Exercise objective: Using the listing below, copy exactly each line from the one that has "BizTex Microporous Sleeve" through the one that has "Tre krone emblema"; omit the pictures.

Dataset records:
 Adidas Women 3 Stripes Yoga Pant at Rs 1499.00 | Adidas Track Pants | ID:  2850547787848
* * *
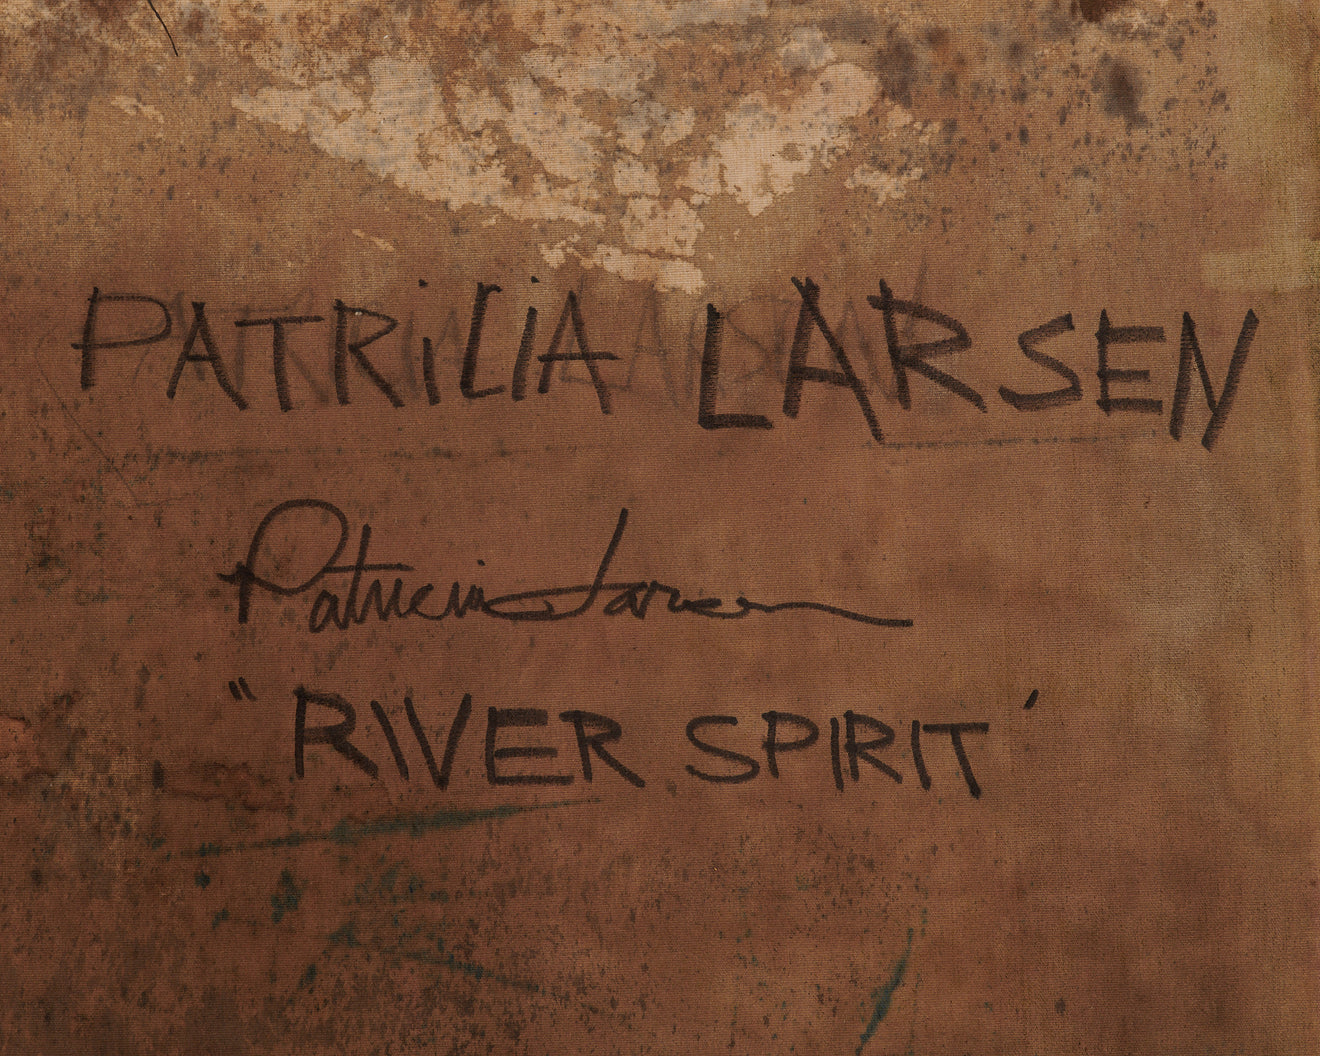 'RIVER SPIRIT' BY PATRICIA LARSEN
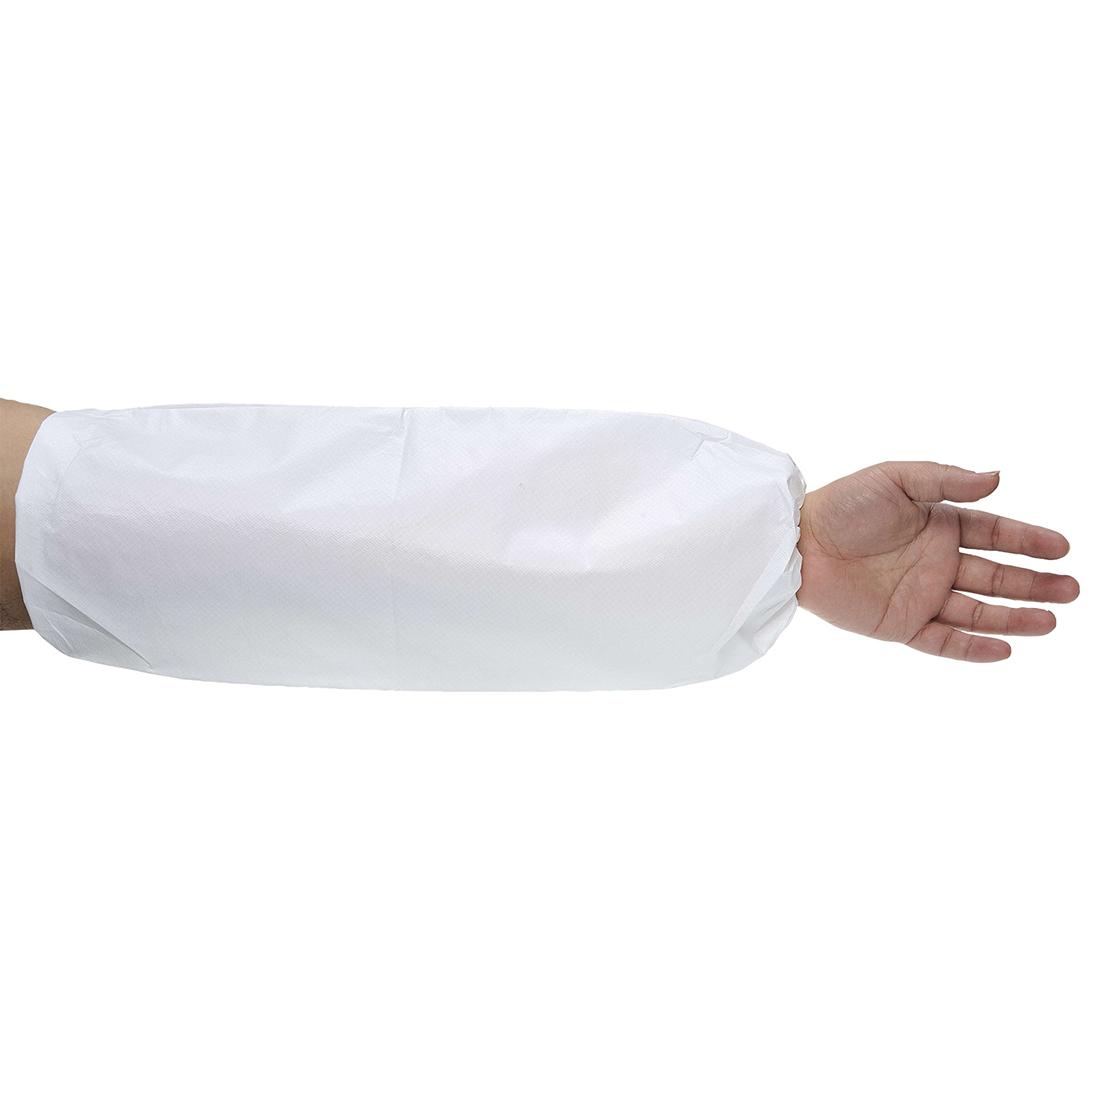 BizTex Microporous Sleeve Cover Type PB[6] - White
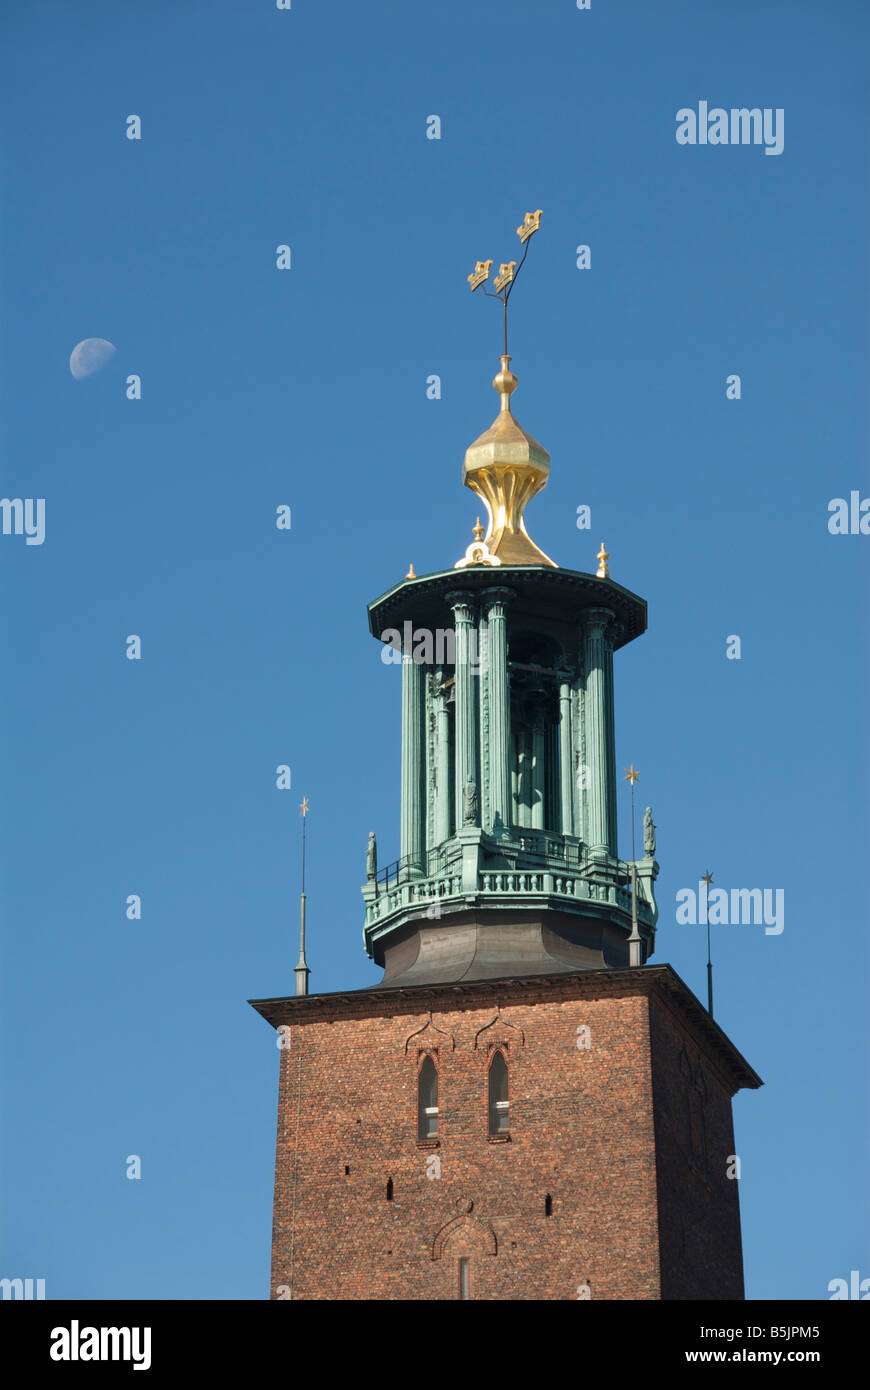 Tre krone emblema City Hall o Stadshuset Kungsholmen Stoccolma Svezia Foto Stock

Output below:
 BizTex Microporous Sleeve Cover Type PB[6] - White
 Tre krone emblema City Hall o Stadshuset Kungsholmen Stoccolma Svezia Foto Stock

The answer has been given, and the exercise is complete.